Покачав головой, Лянь-Лянь хотел подняться и войти, но неожиданно в комнате Хэ шидзе подалась вперед и аккуратно поцеловала Ши шидзе в лоб. Лянь-Лянь видел, что бледные губы девушки растянулись в легкой улыбке, а тонкая рука легла на бедро Хэ шидзе, чуть сжимая ткань. Ши шидзе сказала что-то, но так тихо, что Лянь-Лянь не расслышал, и снова слабо улыбнулась. Хэ шидзе ответила коротко и опять поцеловала: сначала в лоб, затем в прямую переносицу, веки, впалые щеки и, наконец, болезненно-алые, словно занимающаяся на горизонте заря, губы. Ши шидзе улыбалась, но ее глаза чуть увлажнились, напоминая нежные лепестки цветов персика, омытые дождем. Даже Лянь-Лянь посчитал, что этот вид невероятно прелестен, а Хэ шидзе вовсе склонилась к ней, обнимая за талию и пряча лицо в груди. Ши шидзе ласково гладила девушку по спине и что-то говорила — и в их мирной идиллии, конечно же, не было места Лянь-Ляню.

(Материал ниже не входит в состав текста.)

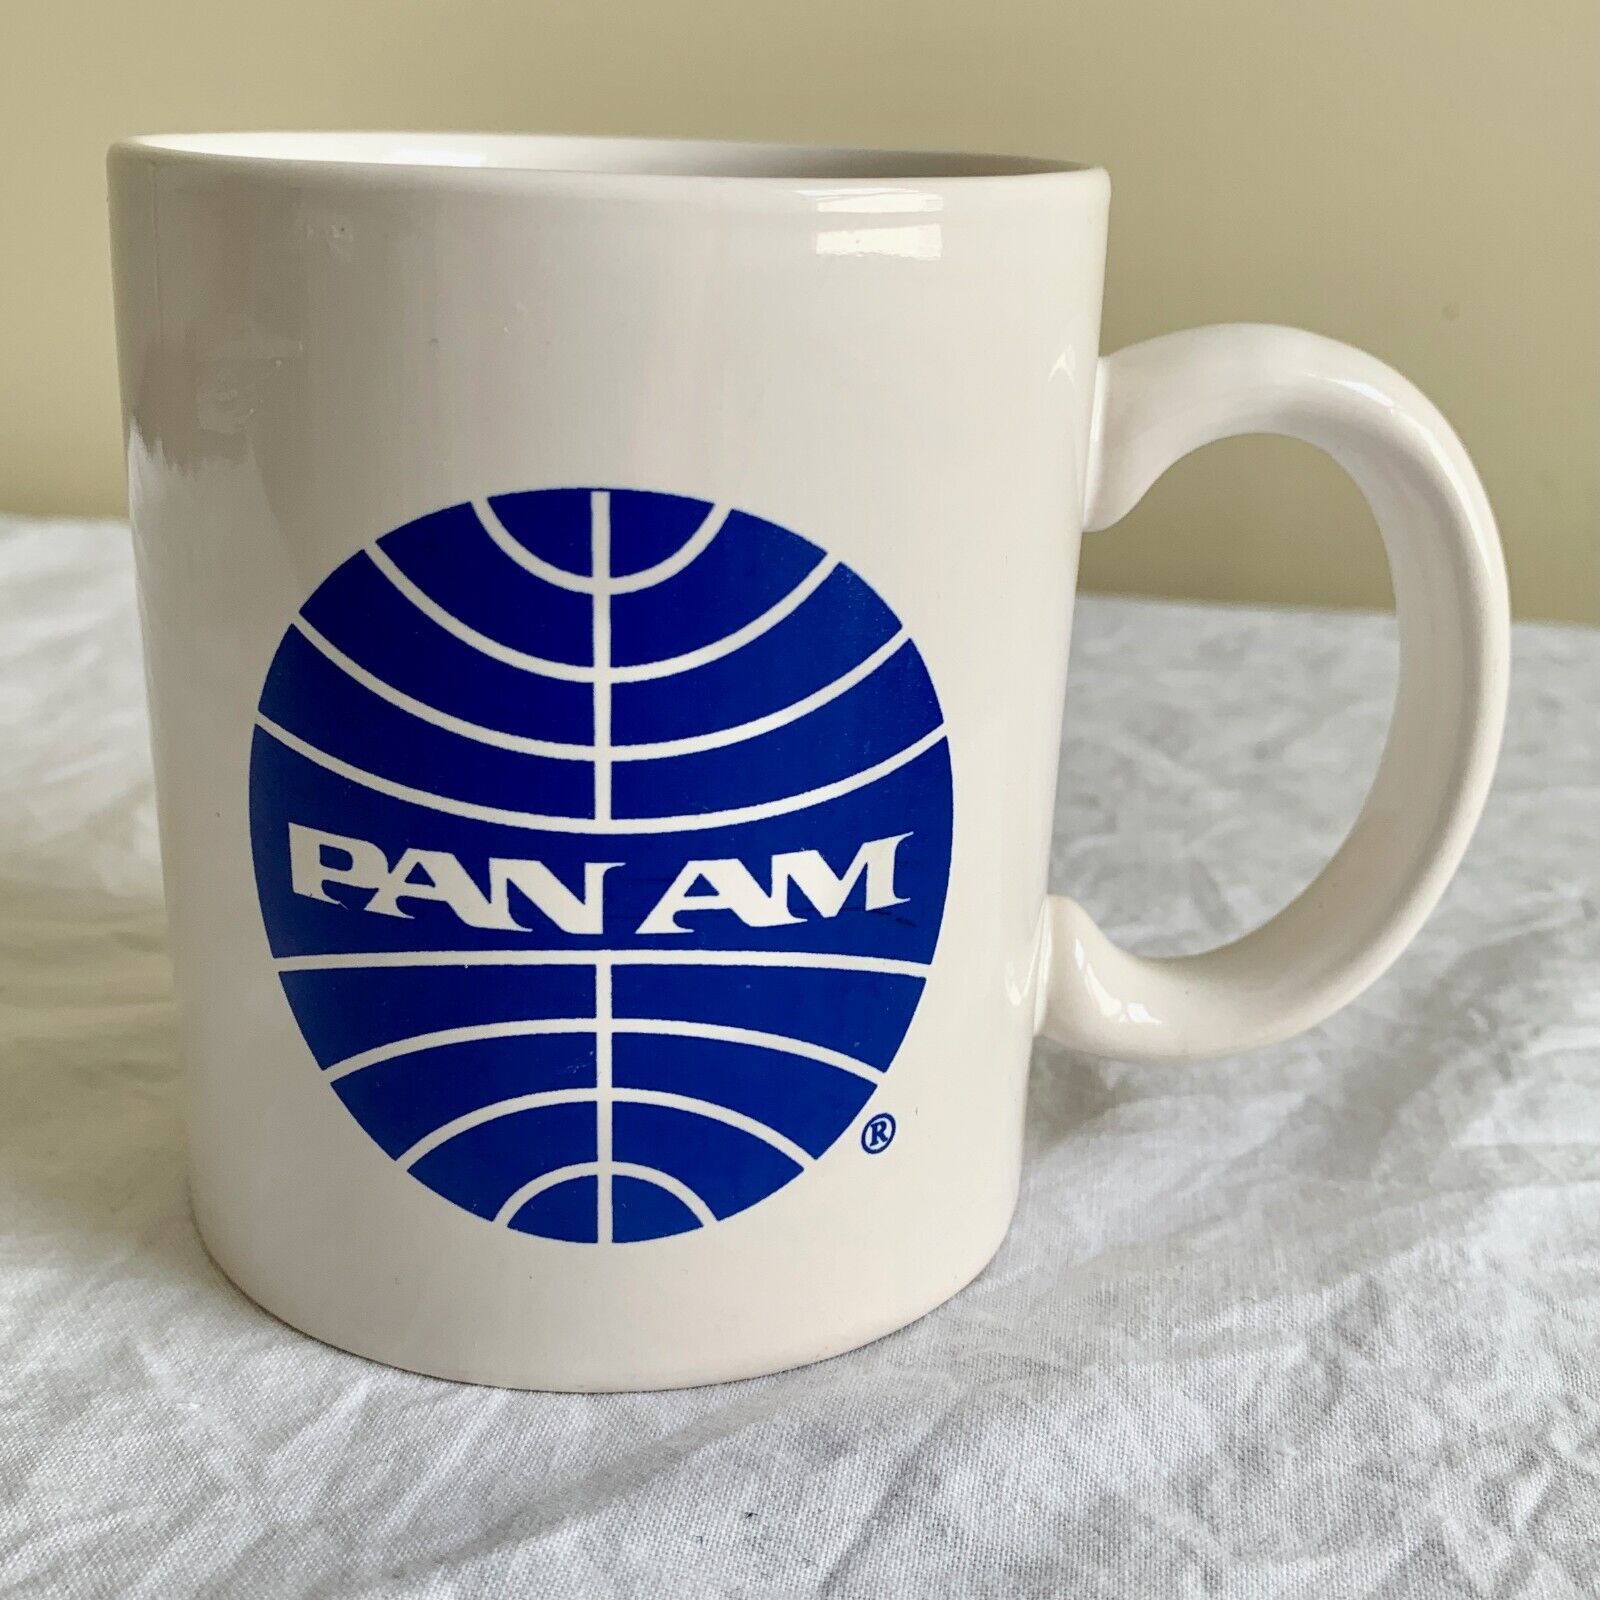 Pan Am Airlines Mug M Ware - Excellent - Estate Find
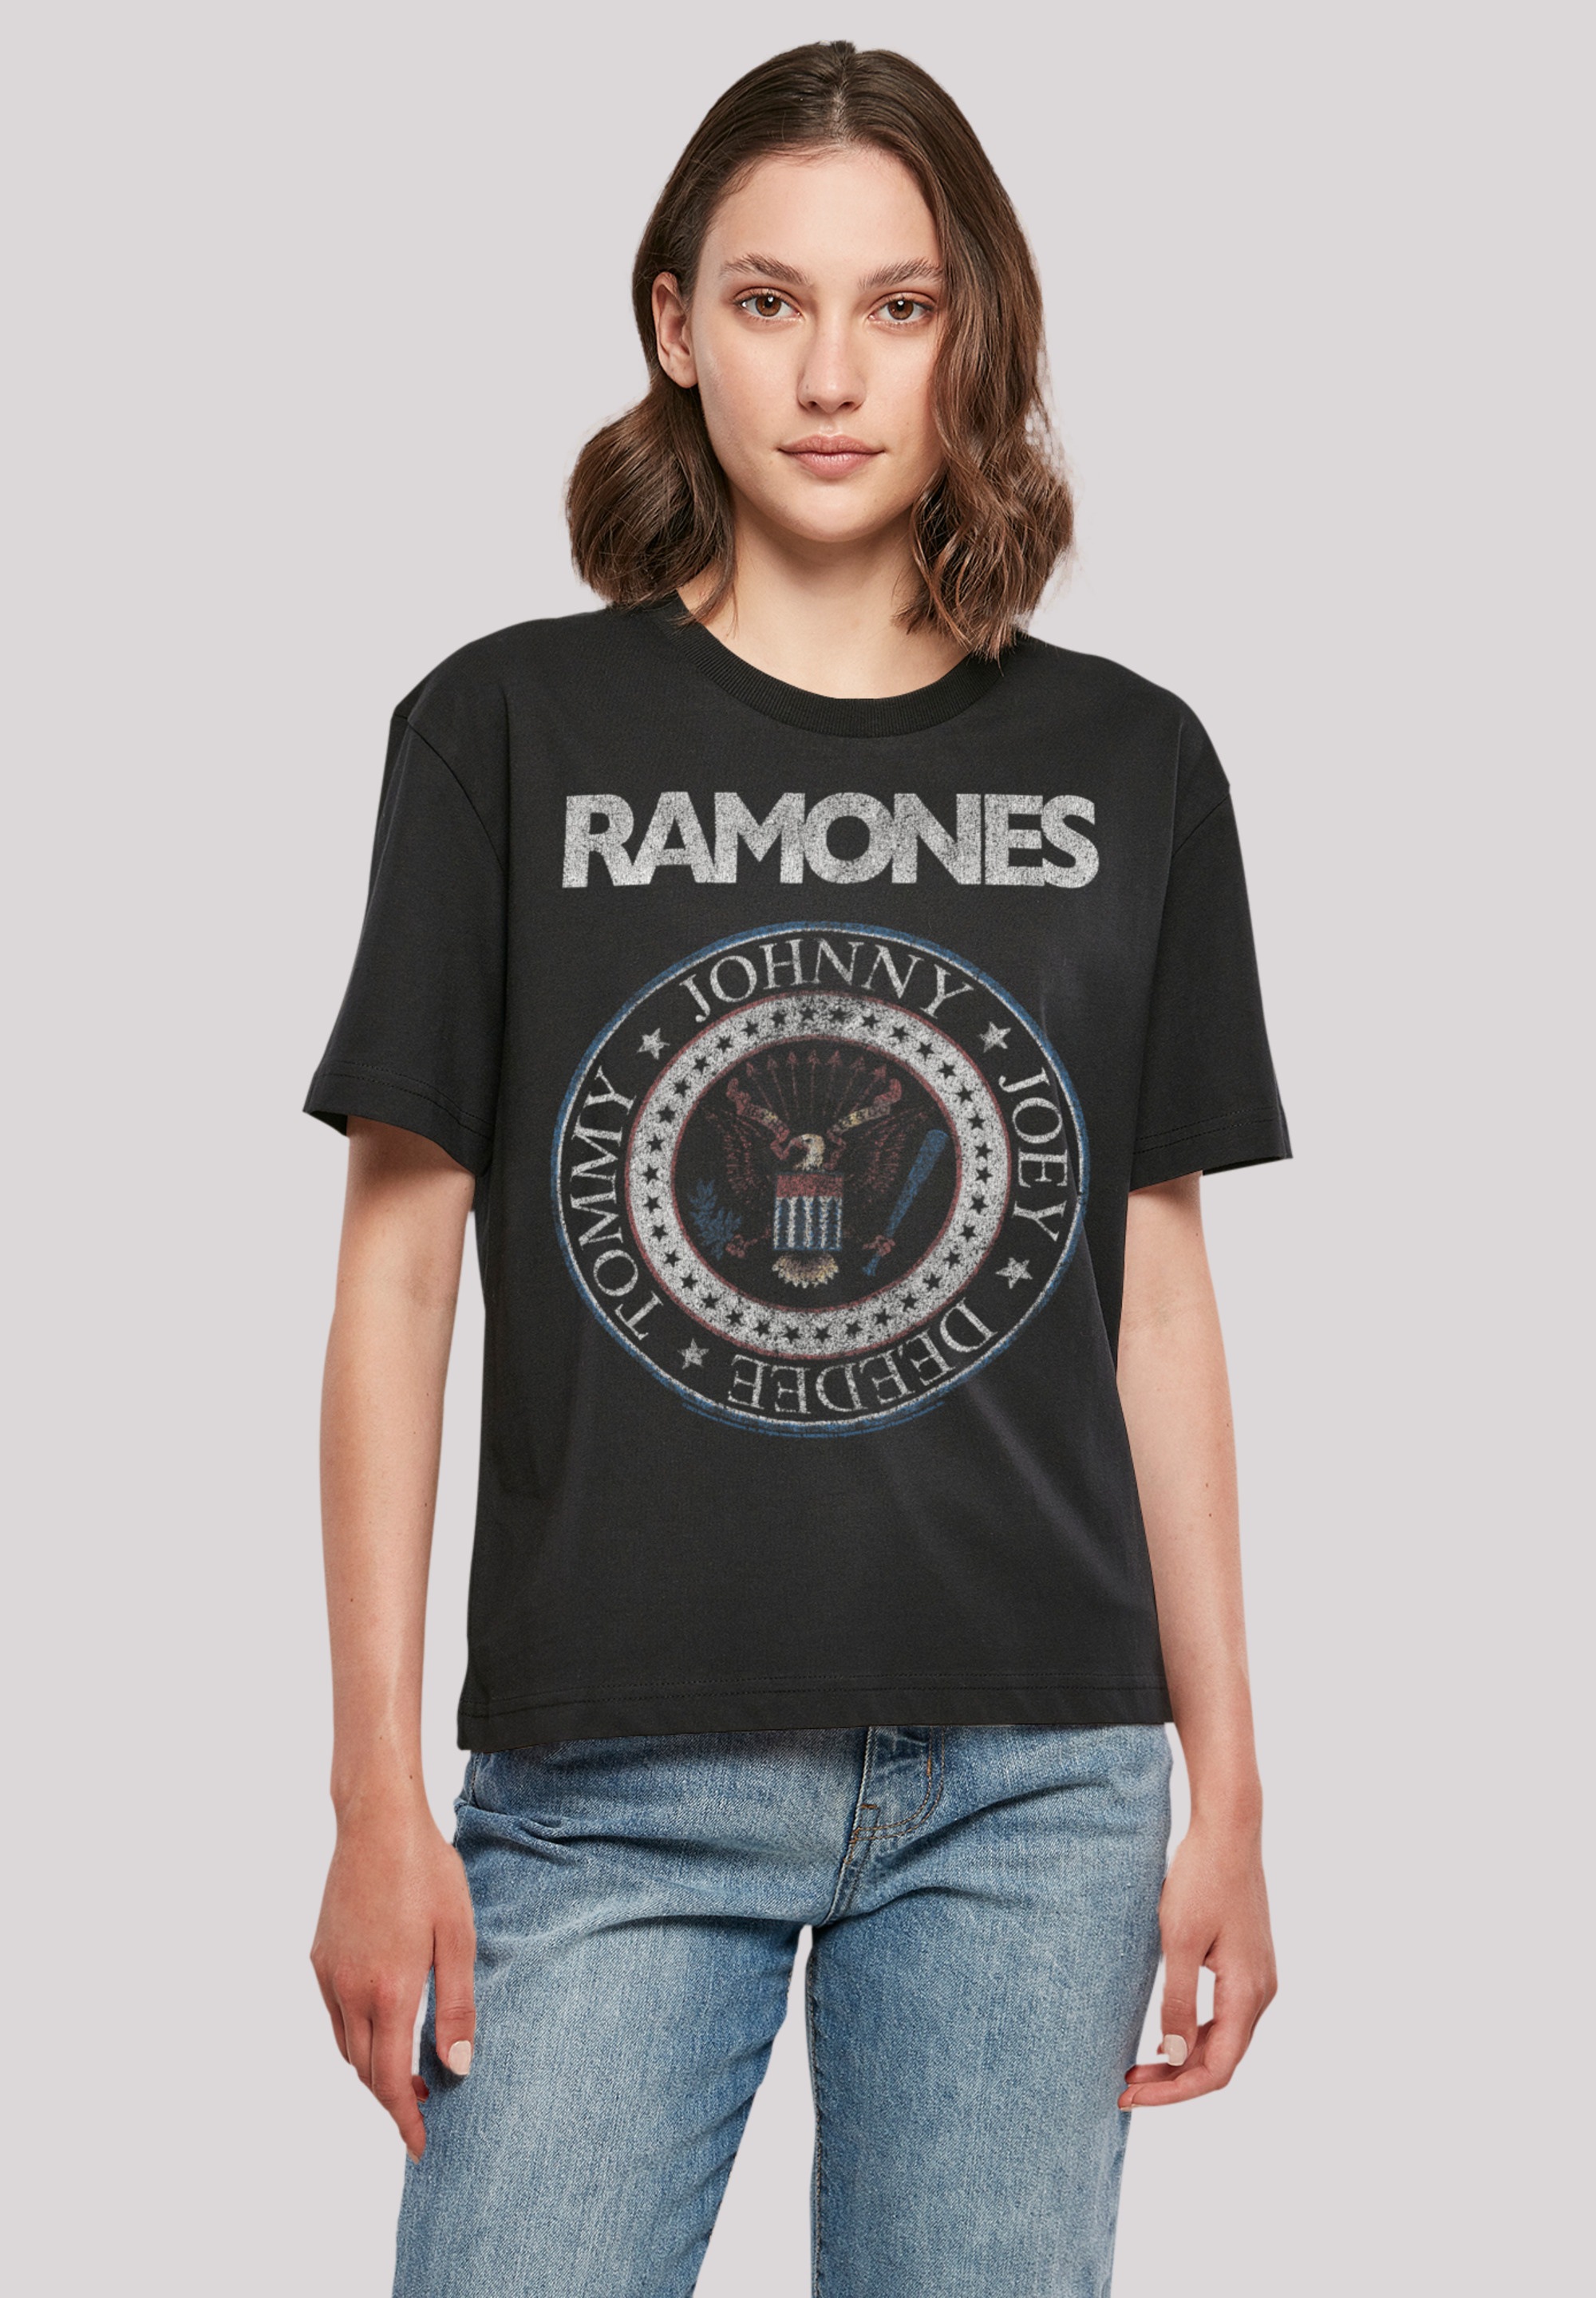 Seal«, F4NT4STIC And Rock Red White Musik Rock-Musik Qualität, walking | »Ramones online I\'m T-Shirt Band, Premium kaufen Band

Поднявшись, юноша упер взгляд в пол и пошел обратно, стараясь не дышать от усердия. Если бы его услышали на пути сюда, он бы чуть расстроился проваленной тренировке, но если заметят сейчас и уличат в подглядывании — всем будет неловко. Лянь-Лянь давно знал, что между шидзе не совсем сестринские отношения, но они никогда не хотели открыто рассказать ему этого, а он не рвался спрашивать, поэтому застать их за подобными нежностями было бы грубо. Однако, хотя никто не говорил этого Лянь-Ляню прямо, иногда он думал, что никто и не хочет эти отношения скрывать — с некоторых пор Хэ шидзе совершенно открыто выражала свое расположение сестре по ученичеству, при любом удобном или не очень случае помогая и поддерживая ее, а Ши шидзе отвечала на это смущенной радостью и в иные моменты ее ясный взгляд задерживался на талии, груди и бедрах девушки. А сколько раз по утрам Лянь-Лянь находил Ши шидзе в чужой постели — в самом деле, он был бы невероятно глуп, если бы ничего не понял.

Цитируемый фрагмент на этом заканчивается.